The question of who started the fight has become more complex in modern times. Stand-your-ground laws remove a requirement to retreat from confrontations before using deadly force.

Though they came under scrutiny after high-profile shooting deaths like that of unarmed Black teenager Trayvon Martin in Florida in 2012, they’re now in force in more than half of the states in the U.S.

Wisconsin does not have a stand-your-ground law. A person is permitted to use deadly force in self-defense if the threat he or she is facing is equally deadly. But, if you provoke the attack, you are prohibited from using deadly force unless you have exhausted every alternative.

“Self-defense here is so interesting,” legal analyst Angela Cenedella told NewsNation. “It’s not even that Kyle’s team had to prove he acted in self-defense. “It’s that the prosecution had to disprove it in order for that claim to not stick. And here it seems that the prosecution did not sufficiently disprove it. So, what this means is that the jury did not think that Kyle provoked it.

Rittenhouse’s attorney said after the verdict his client “had to” take the stand, and the case performed better with test juries when he did. Criminal defense attorney April Preyar told NewsNation Prime” on Friday Rittenhouse’s poise as he testified was noticeable.

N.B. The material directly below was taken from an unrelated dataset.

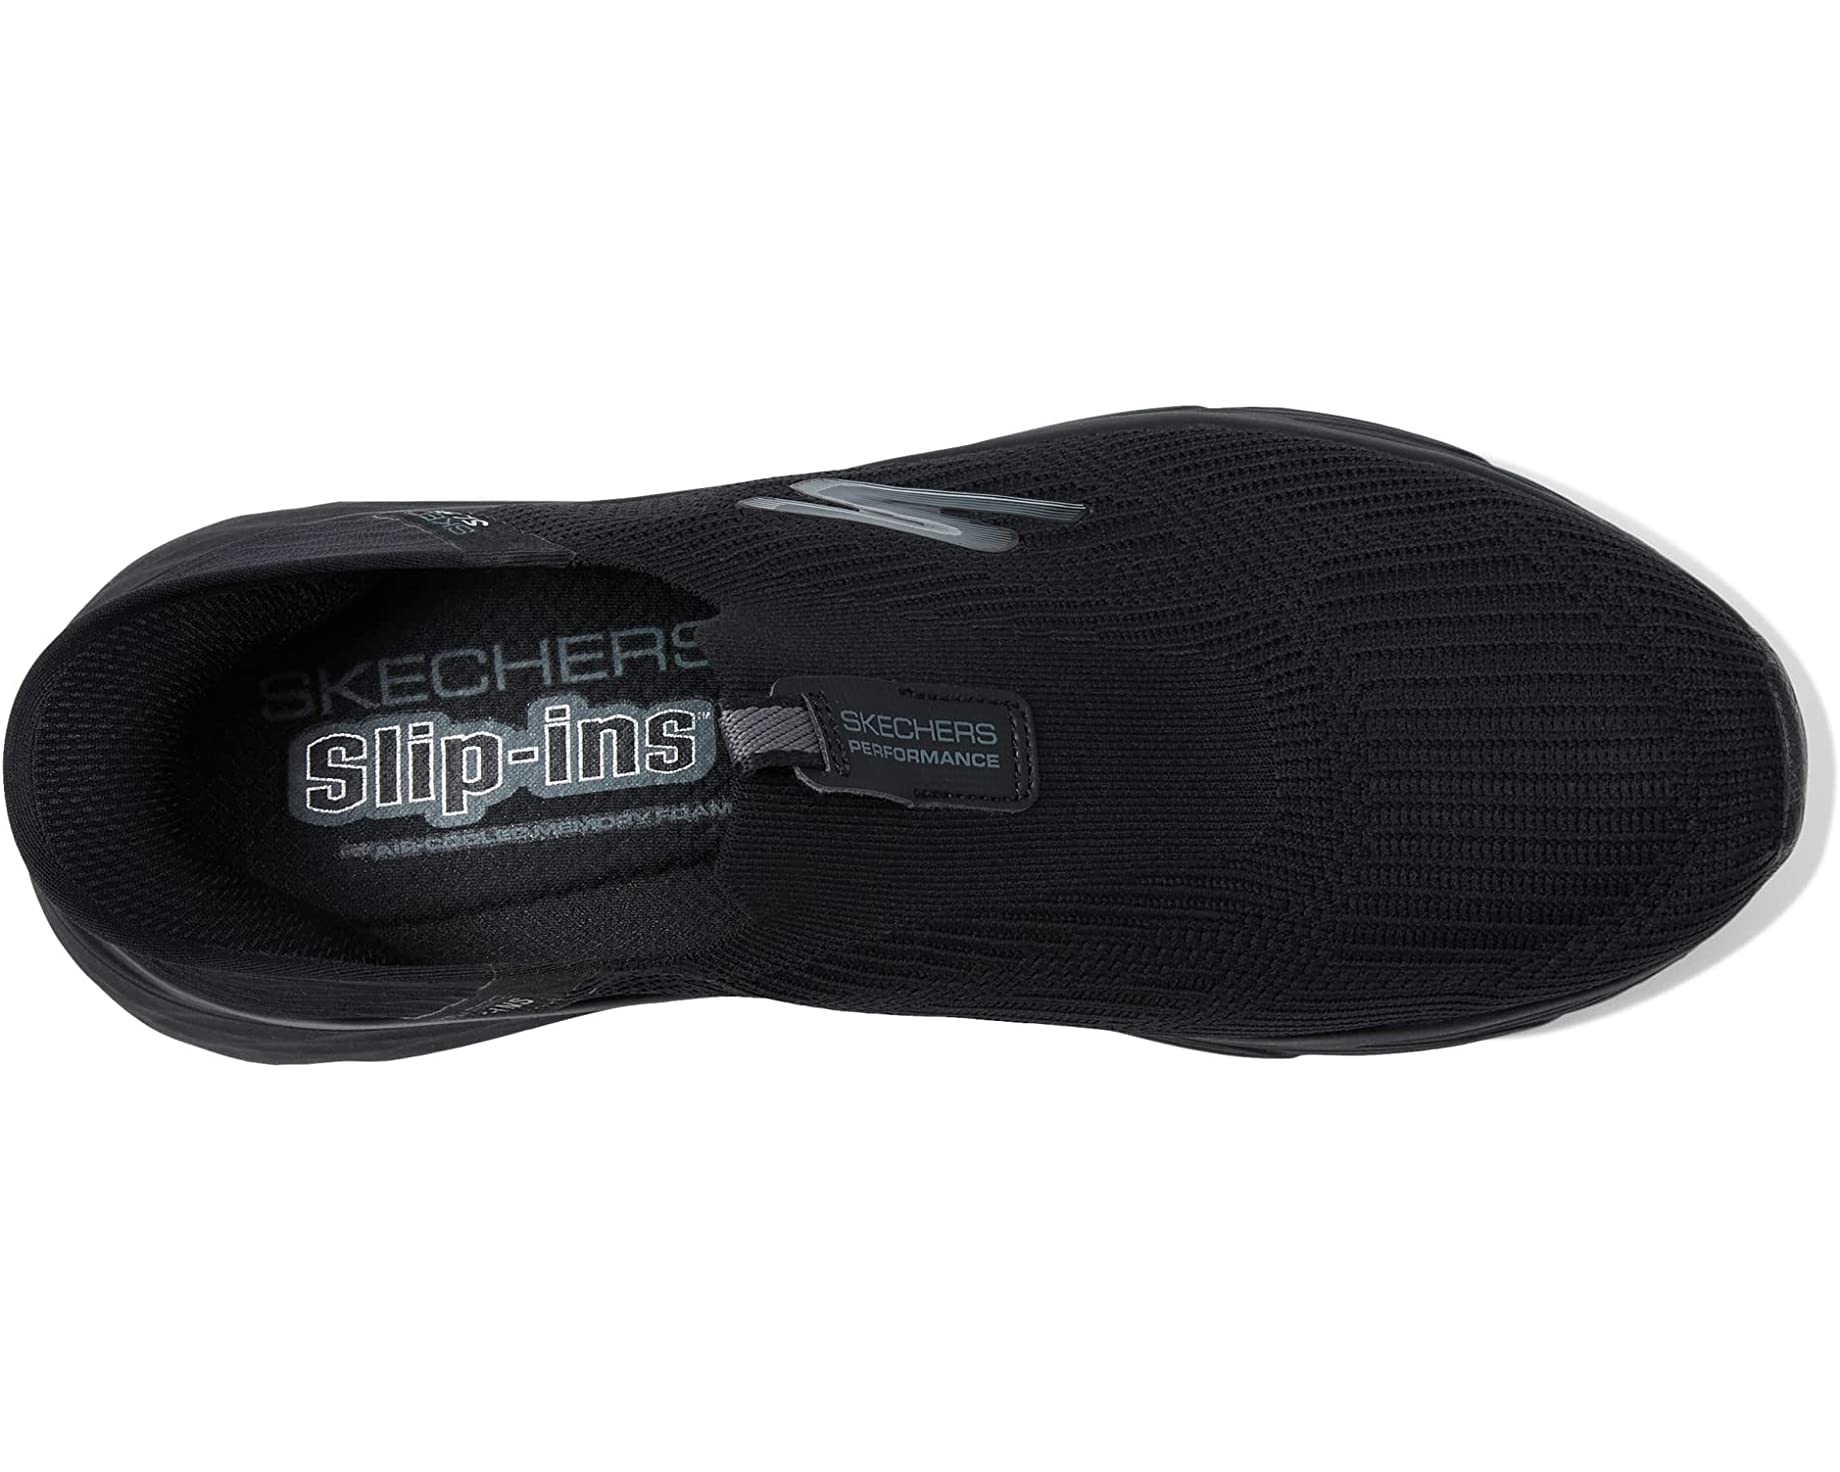 Кроссовки Max Cushioning Elite Slip-Ins - Avantageous SKECHERS, черный кроссовки нейтрального цвета max cushioning elite skechers performance цвет burgundy

“In a self-defense claim, you have to put on some sort of evidence to back up the self-defense, and the best way to do that is from the person who was saying that they defended themselves so that you can hear from their mouth why they did it,” Preyar said.

Other analysts have noted Wisconsin’s law also may have provided a self-defense claim to the three men Rittenhouse shot.

“The moment Kyle Rittenhouse began to point that weapon and menace with that weapon toward other people, then suddenly they have the right, they have the justification to use self-defense as well,” Trent Copeland, a lawyer, said on NewsNation’s “The Donlon Report” on Friday.

The judge, Bruce Schroeder, did not allow people in the courtroom to refer to Rosenbaum, Huber and Grosskreutz as victims. He was criticized for that, but it’s not uncommon for judges to forbid the use of the word because it can make it sound like a crime definitely occurred.